[DATASET EXTRACT — start]

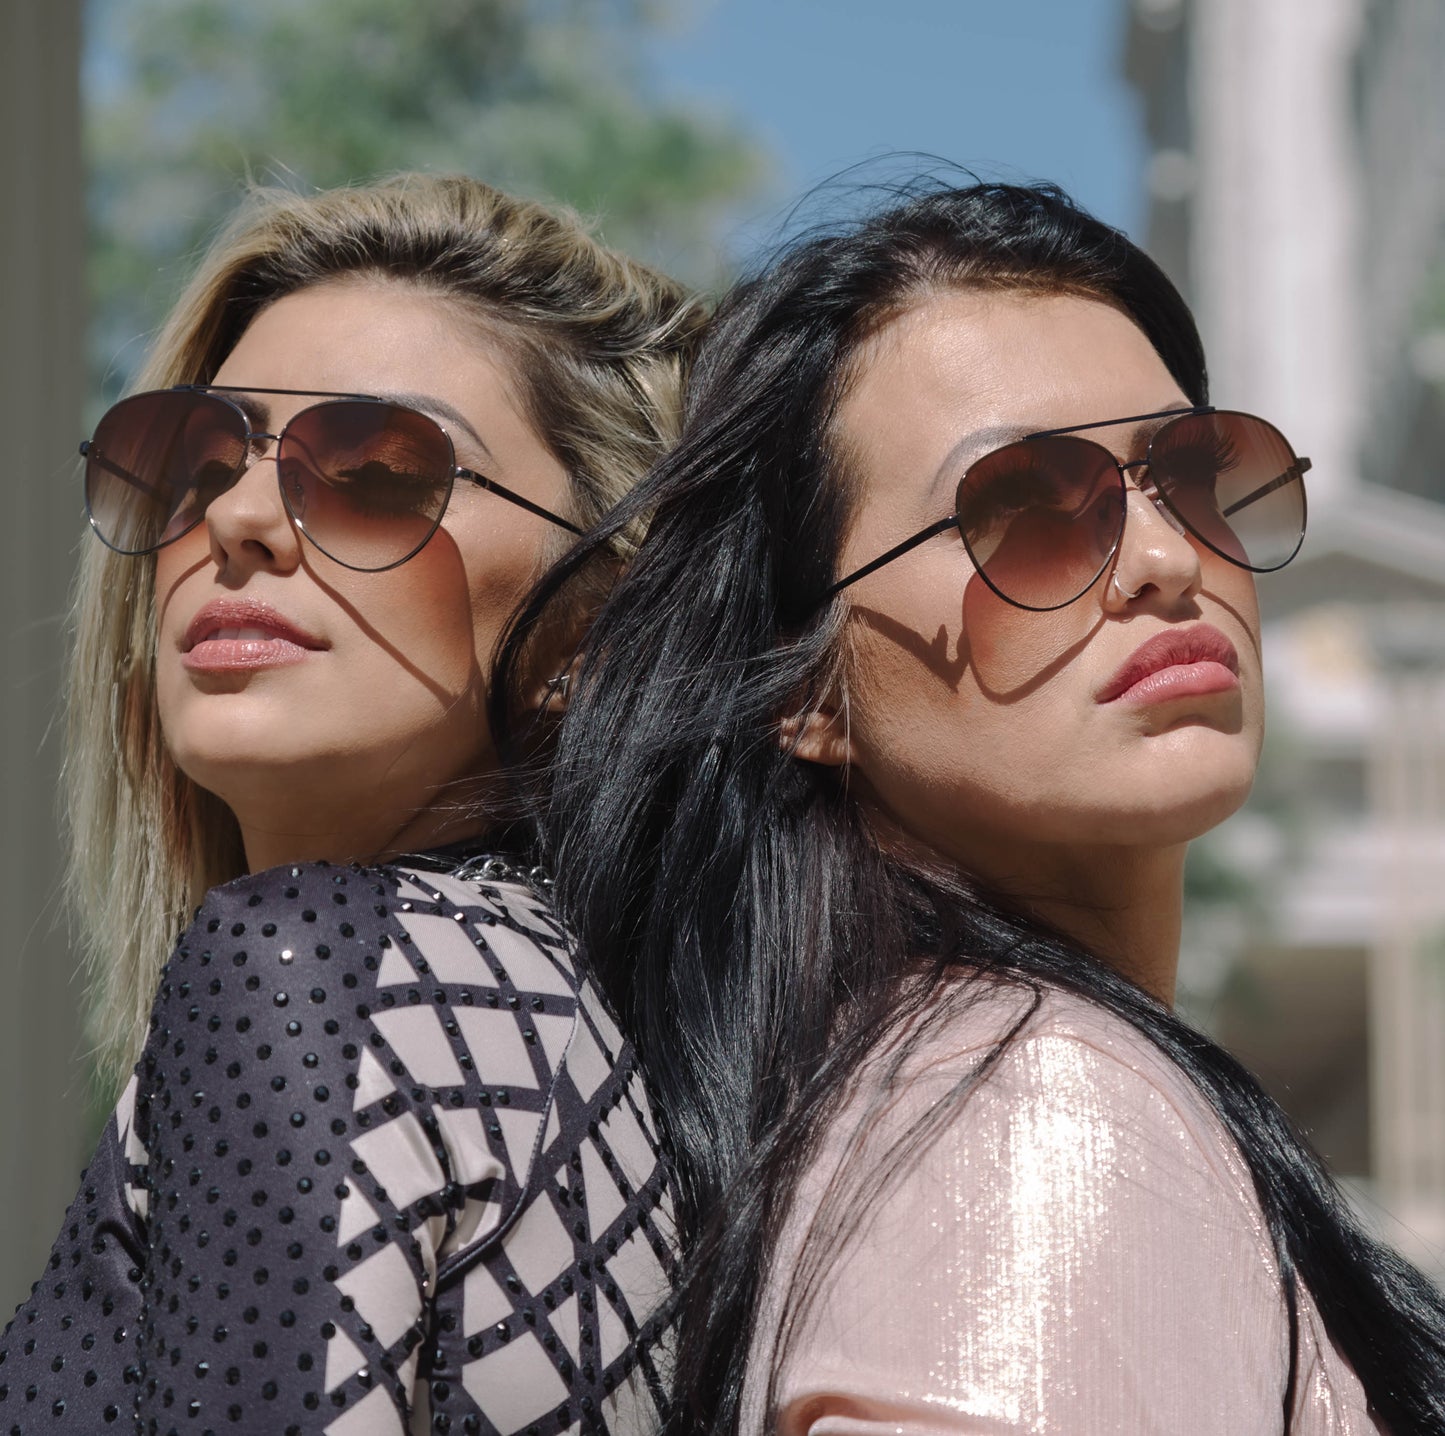 TopFoxx - The Besties Faded Brown - Women's Aviator Sunglasses - Designer Pilot Sunnies - Models
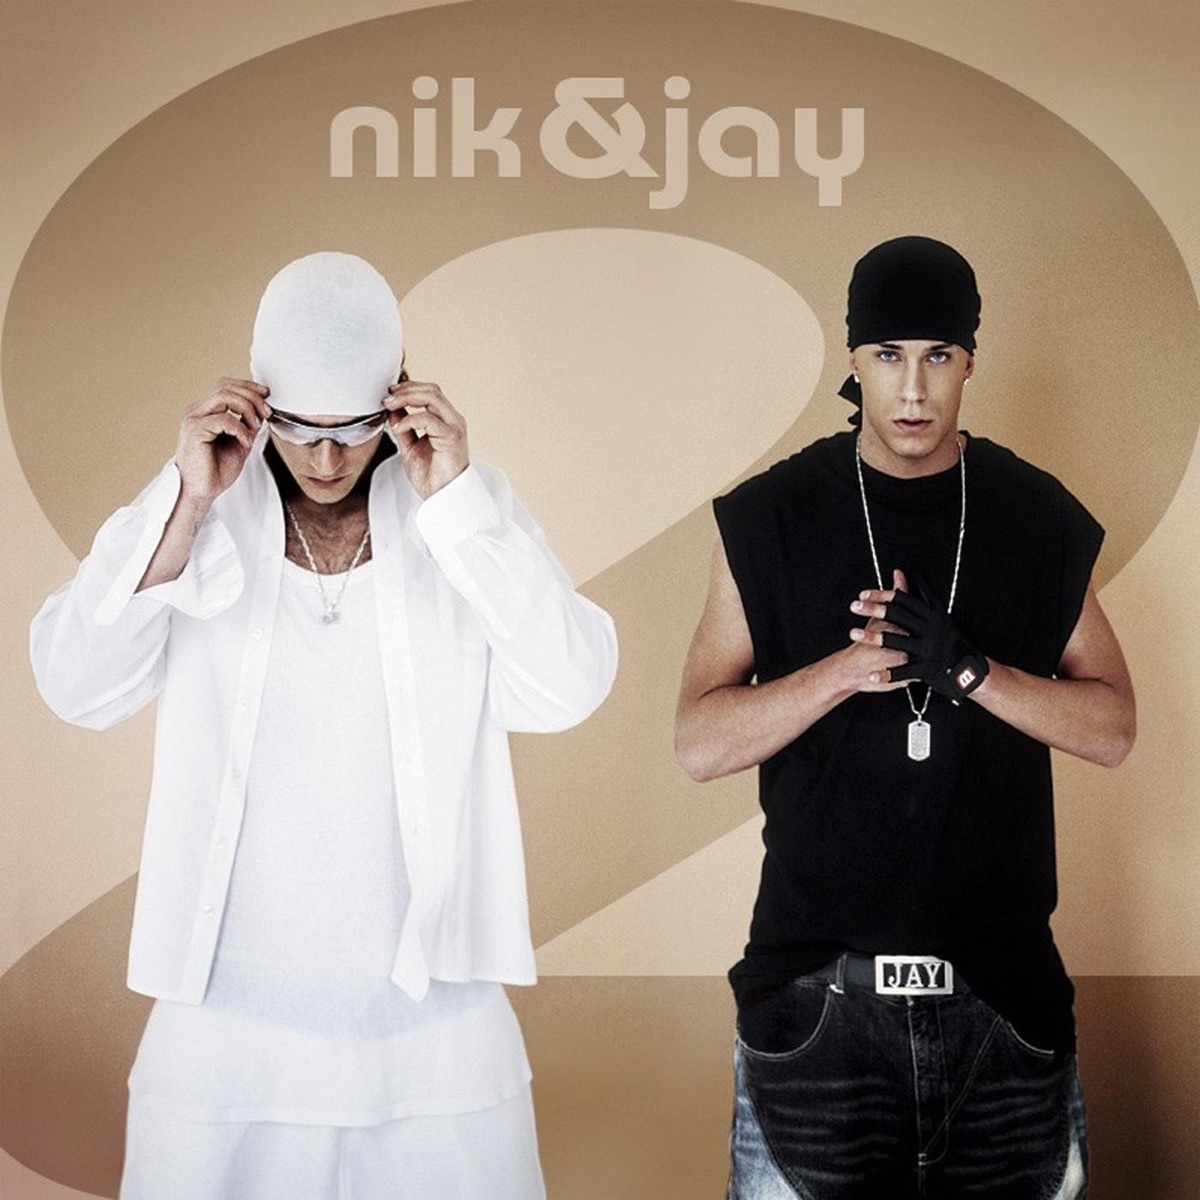 ‎Nik & Jay 2 by Nik Jay on Apple Music
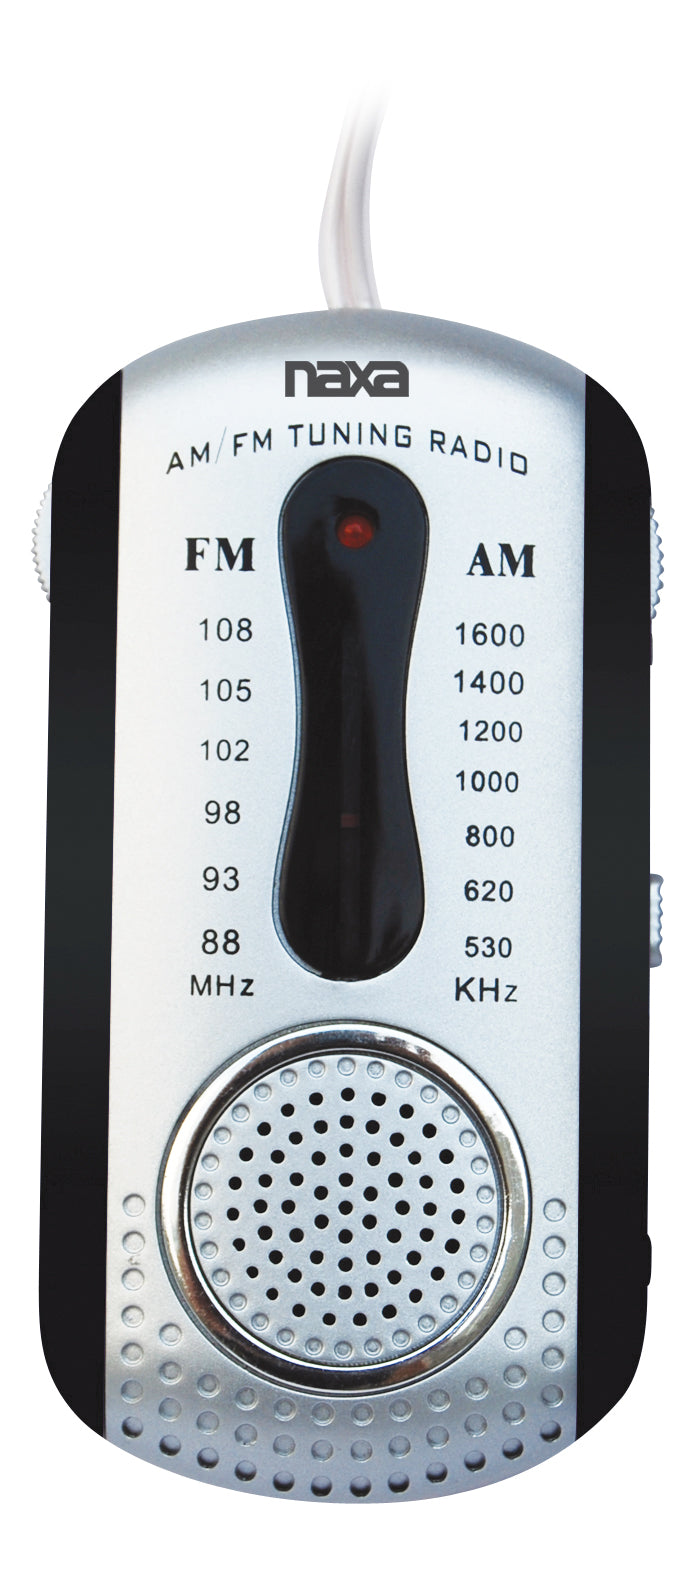 AM FM Mini Pocket Radio with Built-In Speaker (NR-721)
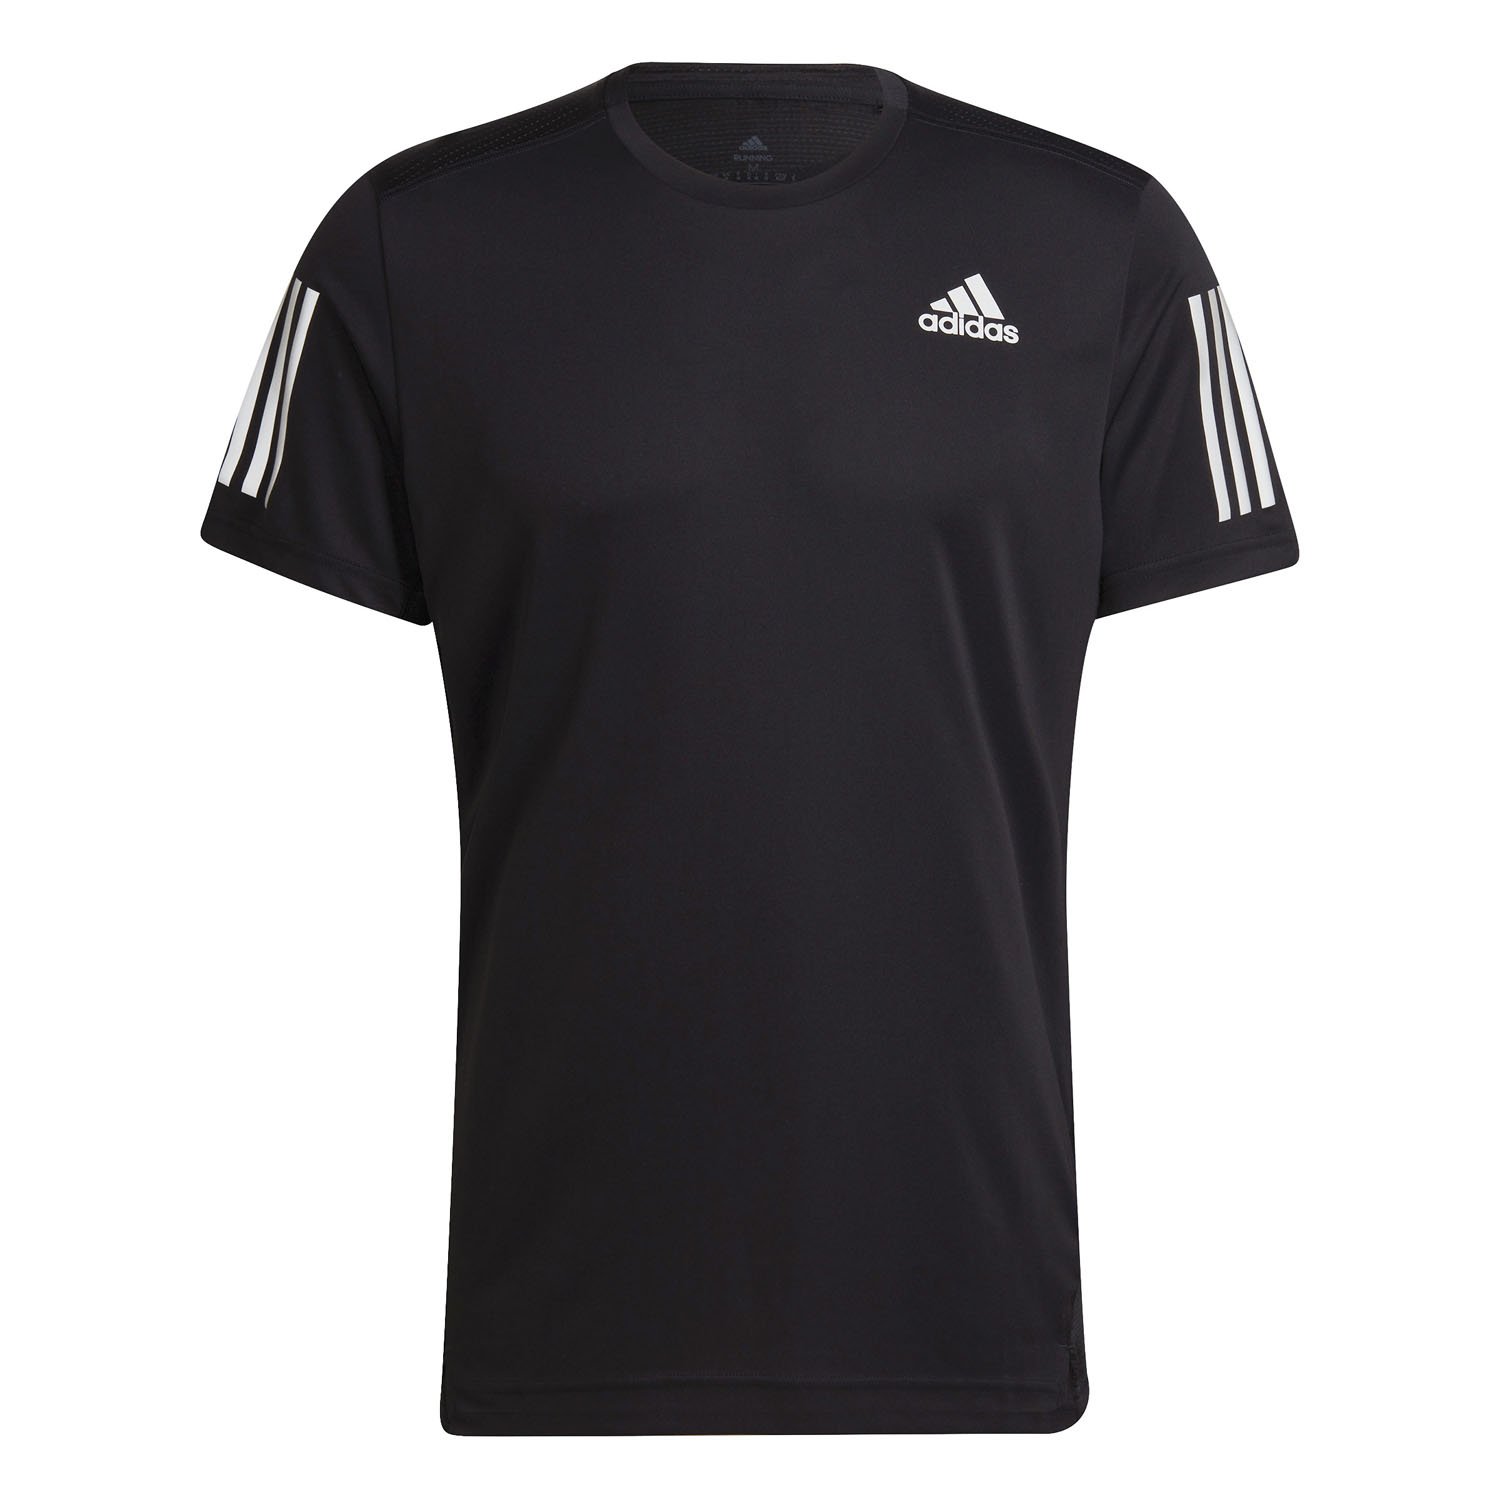 Adidas Own The Run Erkek Koşu Tişörtü - Siyah - 1

[DATASET EXTRACT — finish]

**WHAT IS REQUIRED**
Without the pictures, write out every line above exactly as it appears.

**REPLY**
 TopFoxx - The Besties Faded Brown - Women's Aviator Sunglasses - Designer Pilot Sunnies - Models
 ‎Nik & Jay 2 by Nik Jay on Apple Music
 AM FM Mini Pocket Radio with Built-In Speaker (NR-721)
 Adidas Own The Run Erkek Koşu Tişörtü - Siyah - 1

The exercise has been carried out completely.